• **DATASET SECTION**:
=-=-=
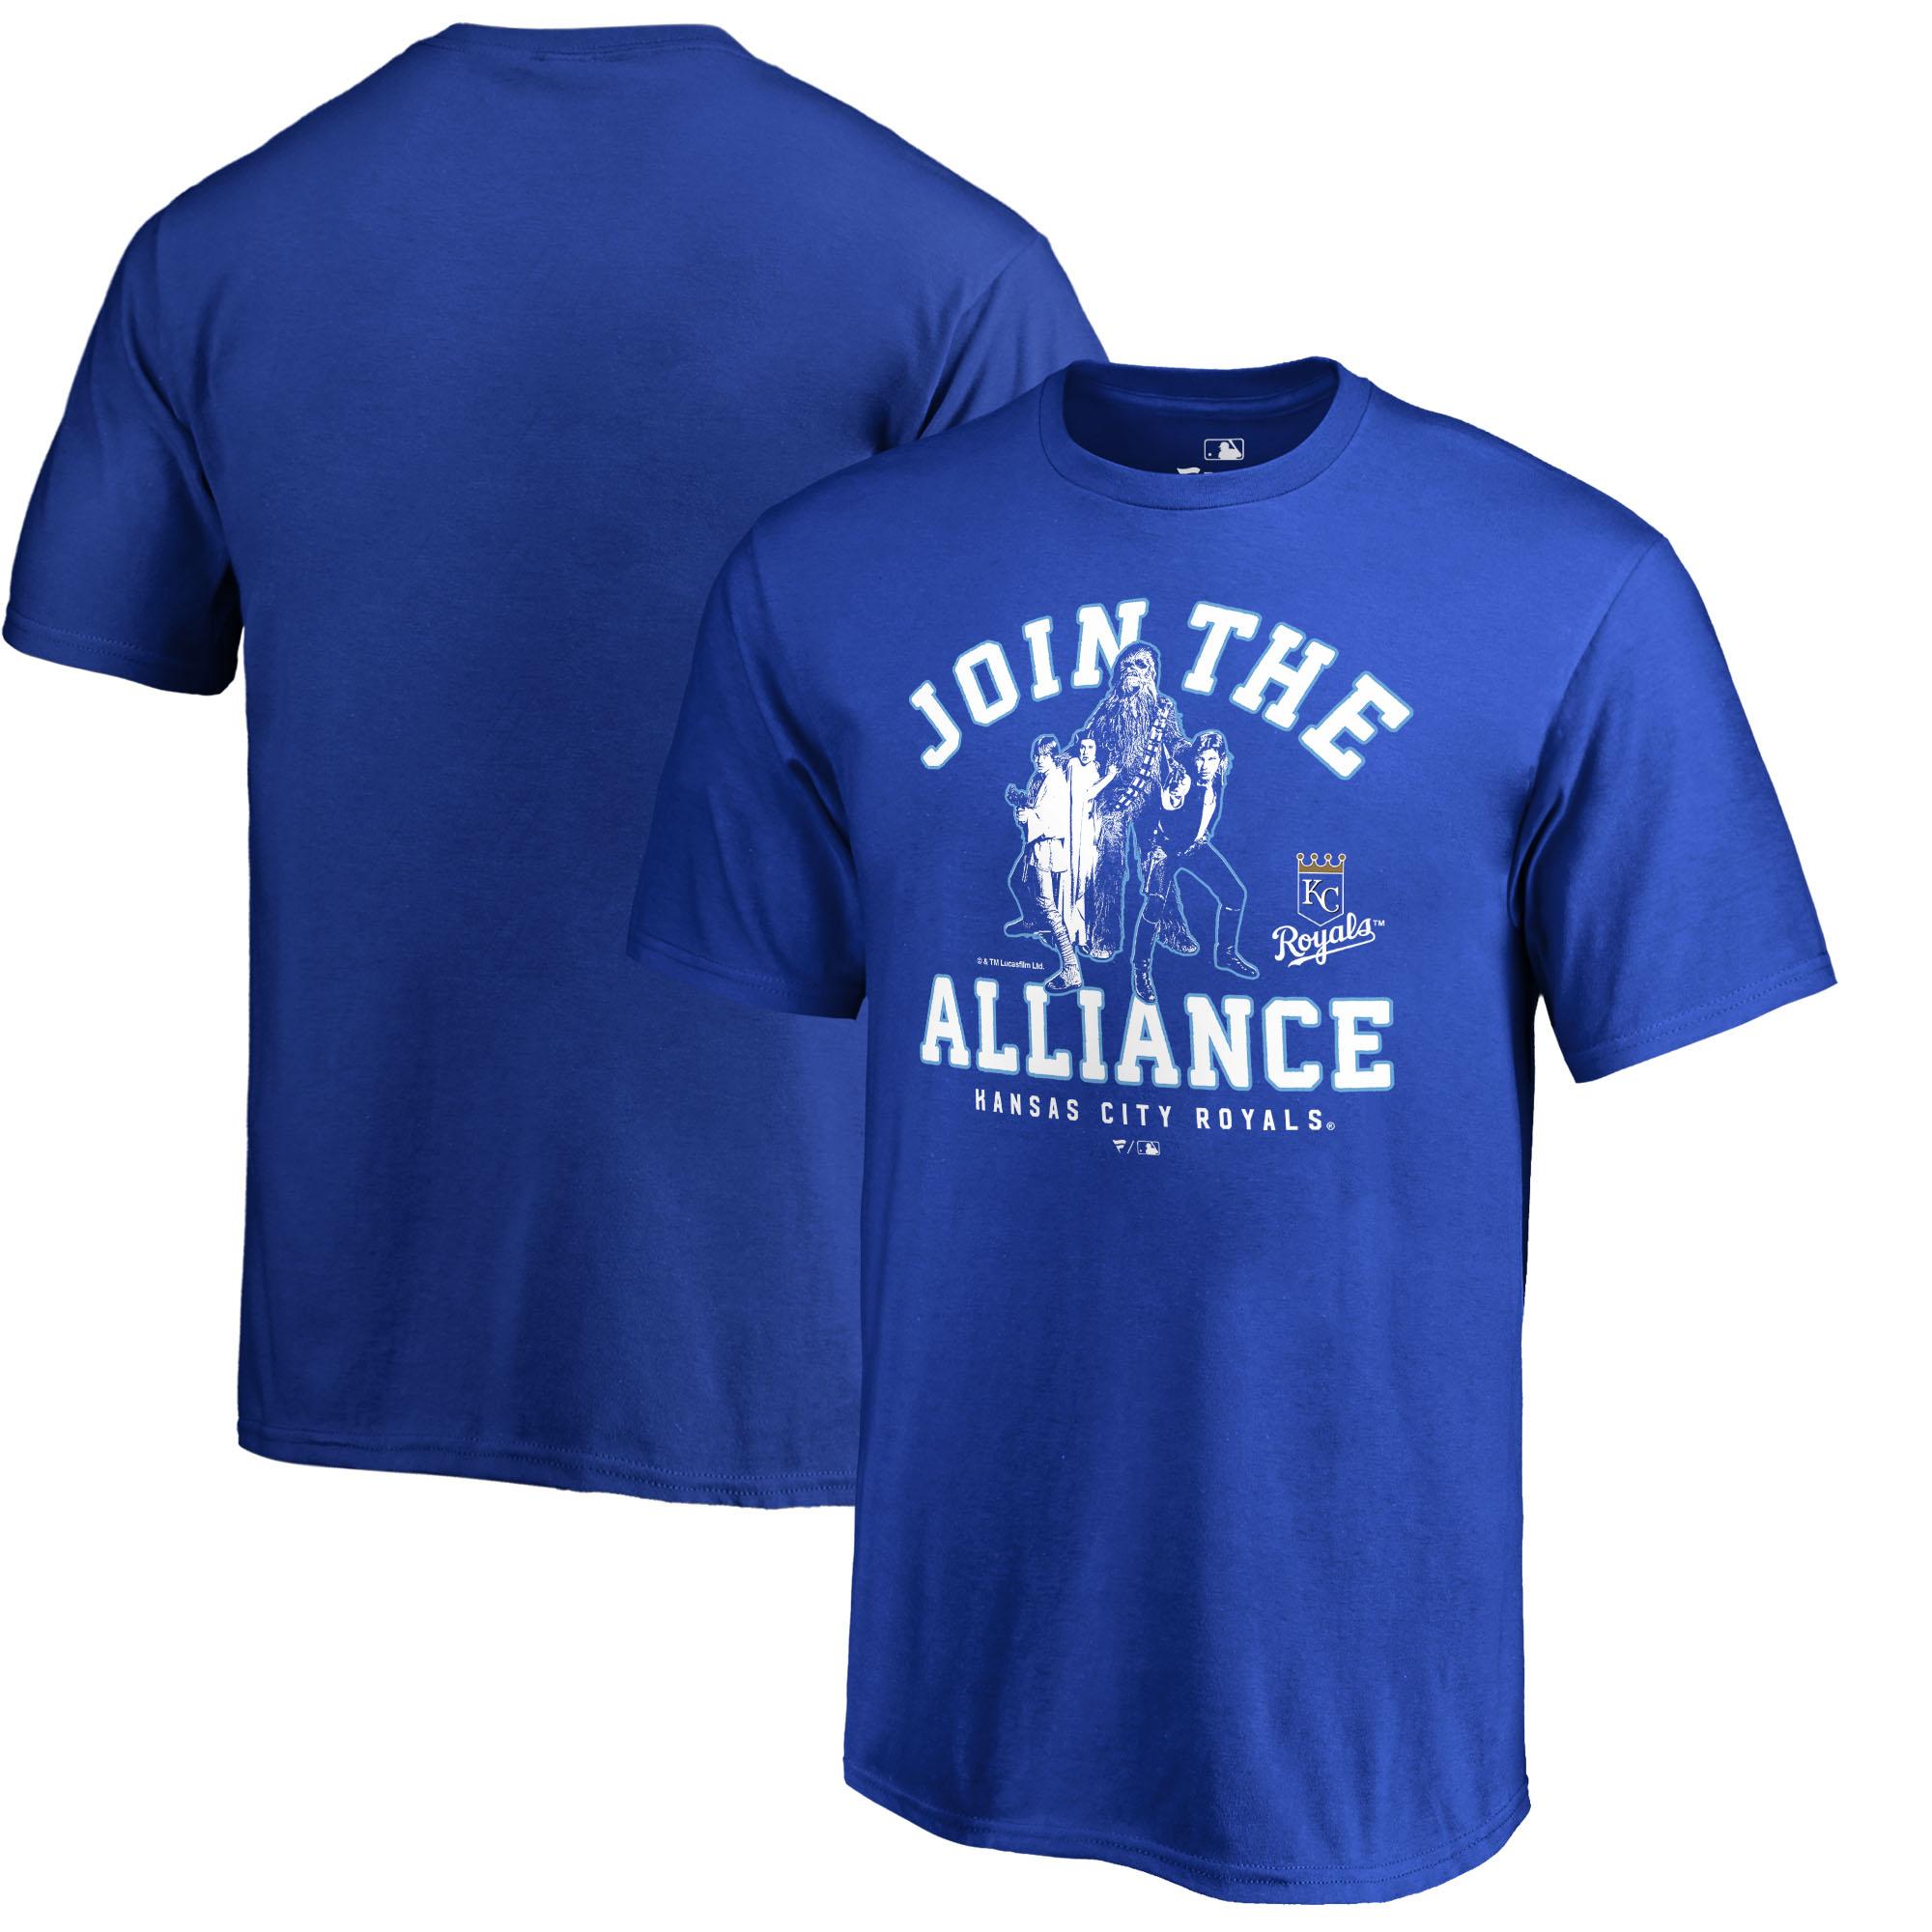 Kansas City Royals Fanatics Branded Youth MLB Star Wars Join The Alliance T-Shirt - Royal
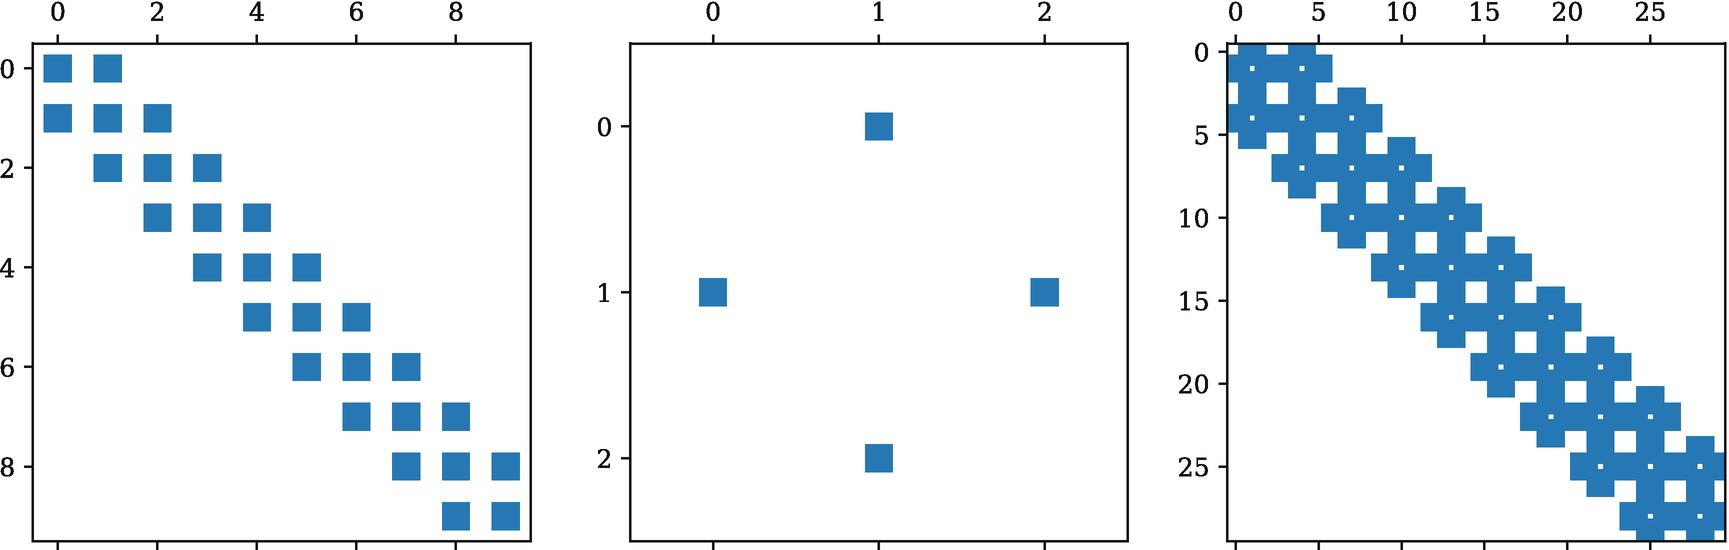 Sparse Matrices and Graphs | SpringerLink
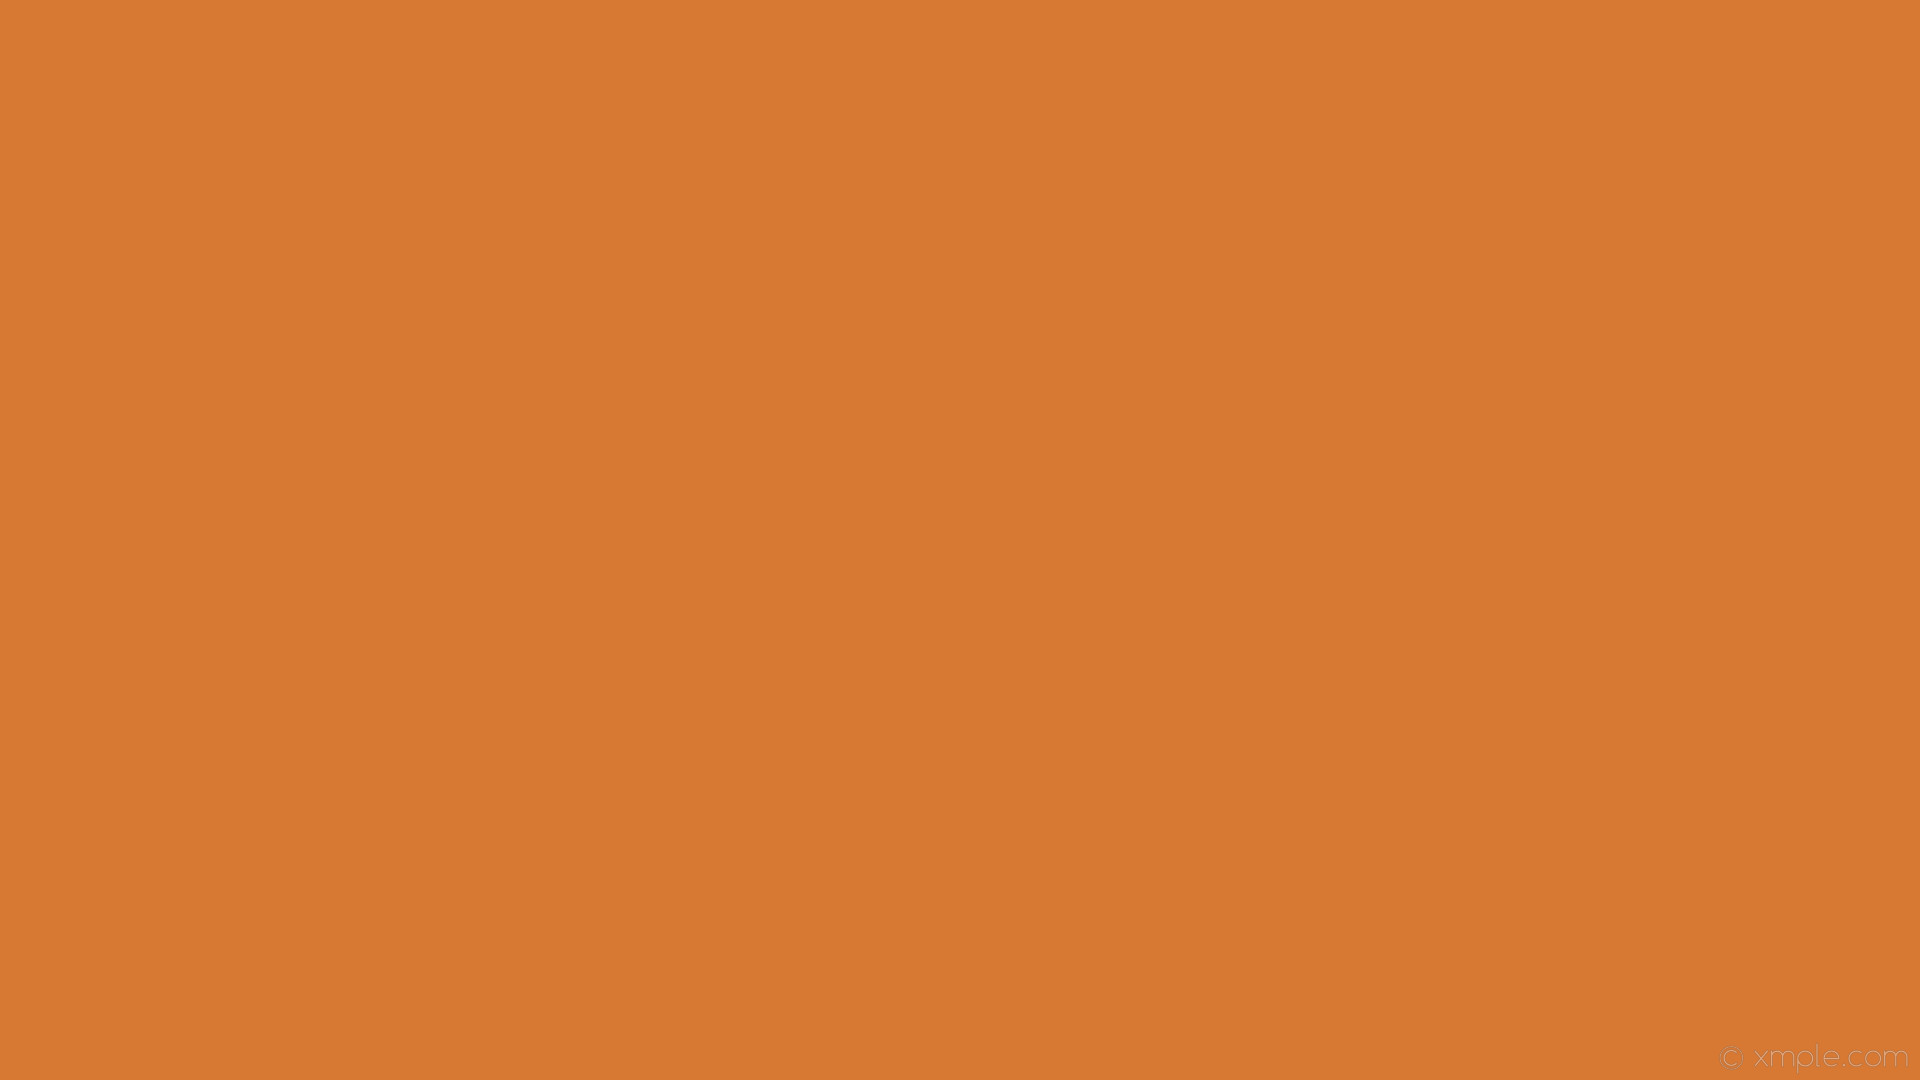 135079 orange colour wallpaper
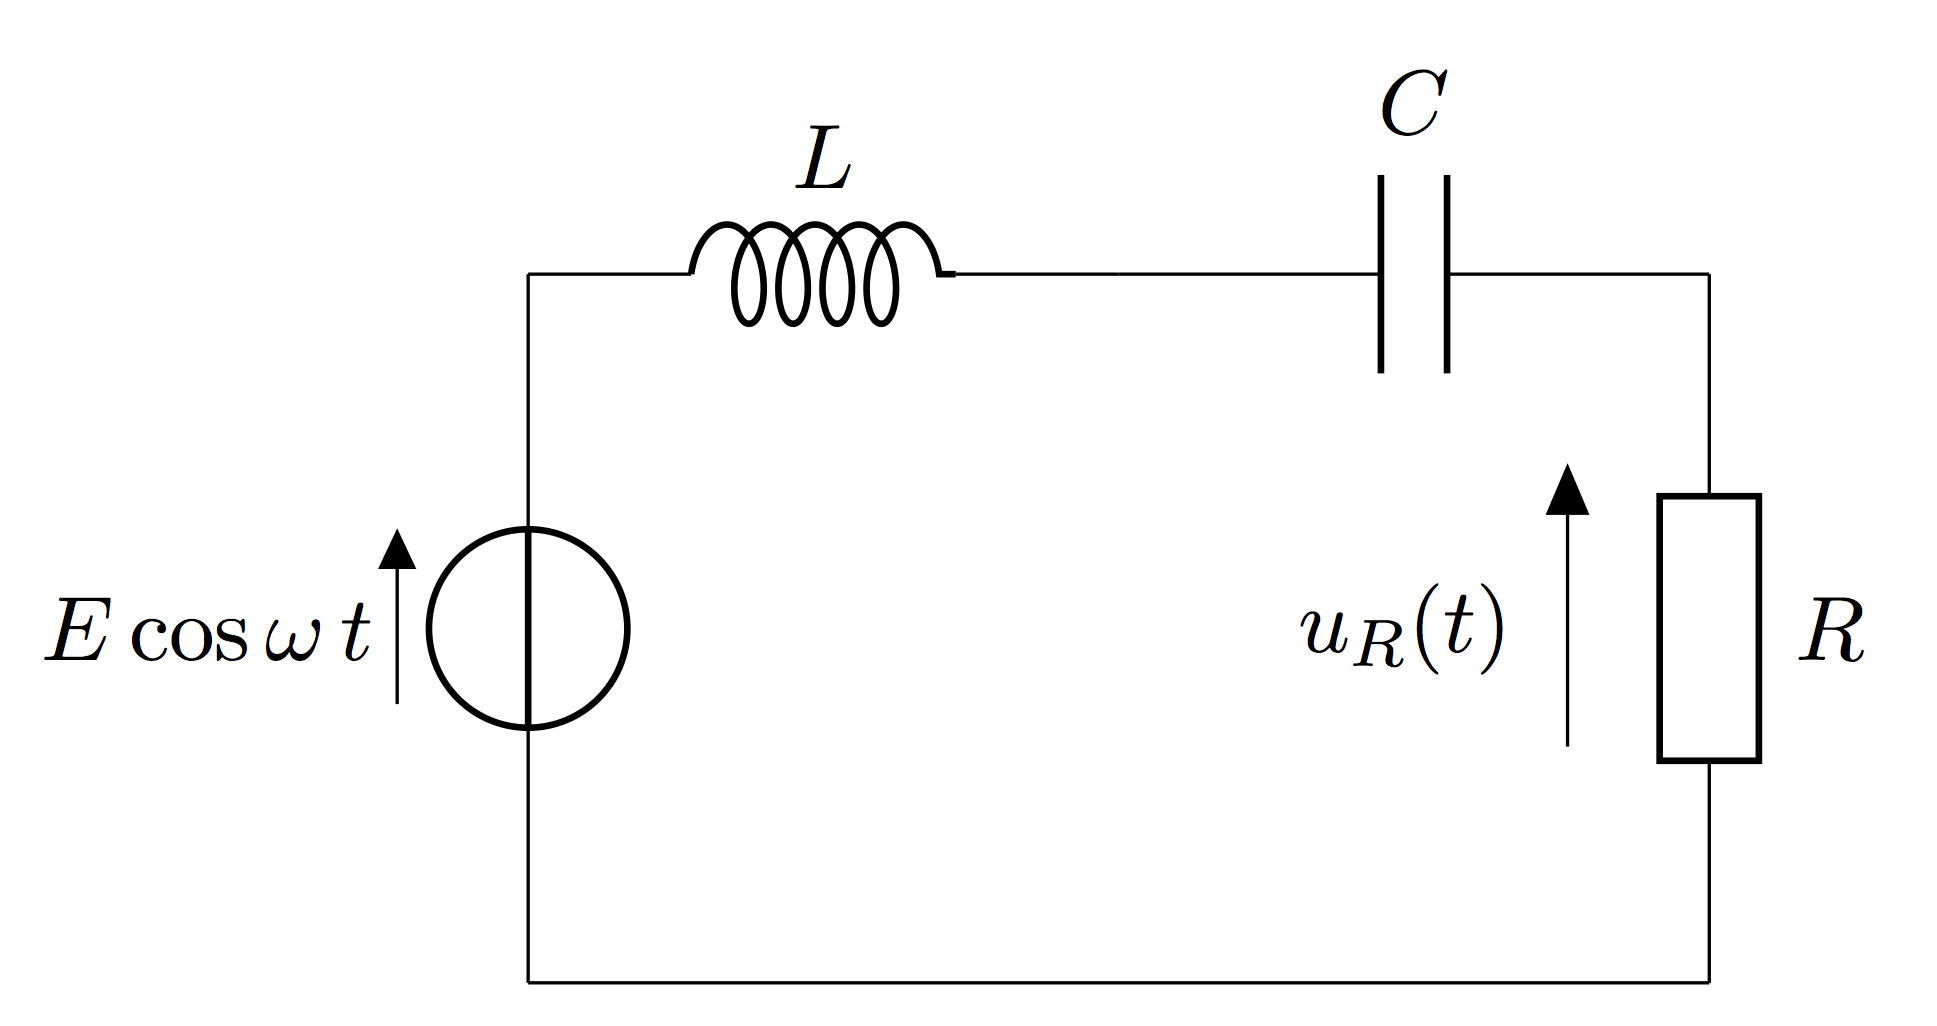 physagreg   cours d u0026 39  u00e9lectrocin u00e9tique   cours 5   r u00e9sonances du circuit rlc s u00e9rie
=-=-=
Return the full listing above exactly as written, and omit the pictures.

• **ANSWER AREA**:
 Kansas City Royals Fanatics Branded Youth MLB Star Wars Join The Alliance T-Shirt - Royal
 Sparse Matrices and Graphs | SpringerLink
 135079 orange colour wallpaper
 physagreg   cours d u0026 39  u00e9lectrocin u00e9tique   cours 5   r u00e9sonances du circuit rlc s u00e9rie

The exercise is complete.